Mal den Lötkolben schwingen oder in den Ingenieuralltag hineinschnuppern - der Berufsinfotag an der IGS Bovenden machte dies für Schülerinnen und Schüler möglich.

Bovenden – Die Schülerinnen und Schüler des neunten und zehnten Jahrgangs der IGS Bovenden konnten sich am Donnerstag, 11. November, in verschiedenen beruflichen Bereichen ausprobieren.

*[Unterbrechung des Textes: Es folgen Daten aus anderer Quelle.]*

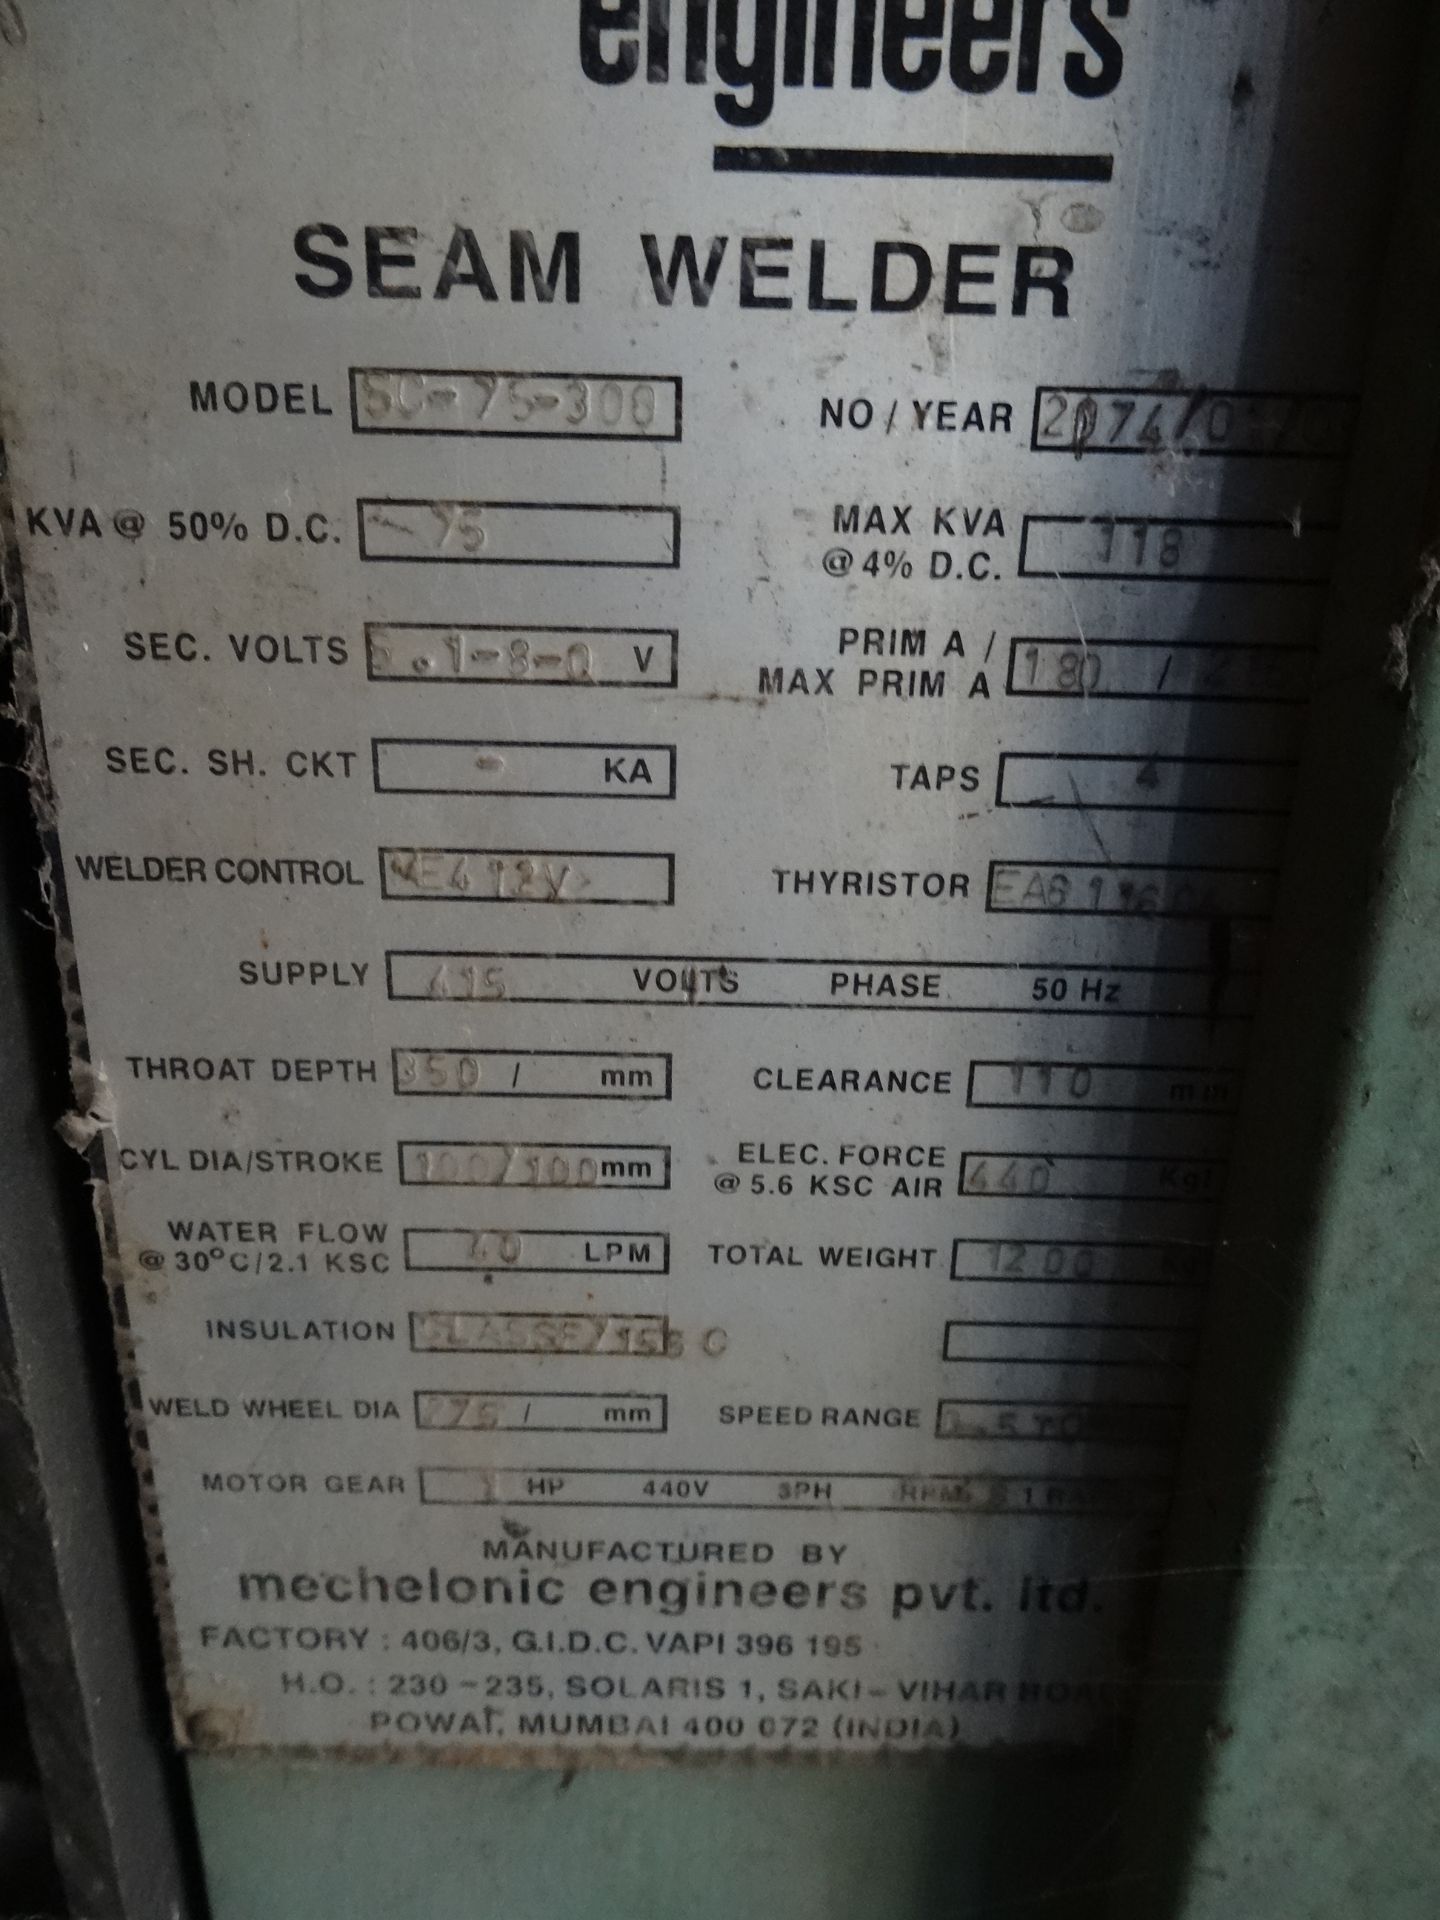 2001 MECHELONIC ENGINEERS SC-75-300 Seam Welder, s/n 2074, 75 KVA, 350 MM Throat Depth (Nagpur) - Image 2 of 2

Dabei präsentierten sieben Betriebe aus der Region insgesamt 24 Ausbildungsberufe. Eine große Chance für die Schüler, denn: Die Unternehmen hatten gleich auch Ausbildungsplätze für den kommenden Sommer mit im Gepäck. Eine gute Gelegenheit also für die Schüler, sich mit den Berufen vertraut zu machen und die Betriebe kennenzulernen.

Das sei auch dringend nötig, sagte Schülleiterin Renate Heyn. „Die Schüler der jetzigen zehnten Klasse haben wegen Corona bislang keinen Einblick ins Berufsleben durch ein Praktikum bekommen“, sagte sie. „Durch den Berufsinfotag haben sie die Möglichkeit, Kontakt zu Betrieben aufzunehmen.“

Timo Lüdecke, Leiter des Fachbereichs Arbeit-Wirtschaft-Technik, freute sich, dass die sieben Unternehmen den Schülern ermöglichten, den „Riesennachteil“ – die ausgefallenen Praktika – auszugleichen. Das Ziel der Schule sei schon immer gewesen, den Übergang von der Schule ins Berufsleben möglichst barrierefrei zu gestalten.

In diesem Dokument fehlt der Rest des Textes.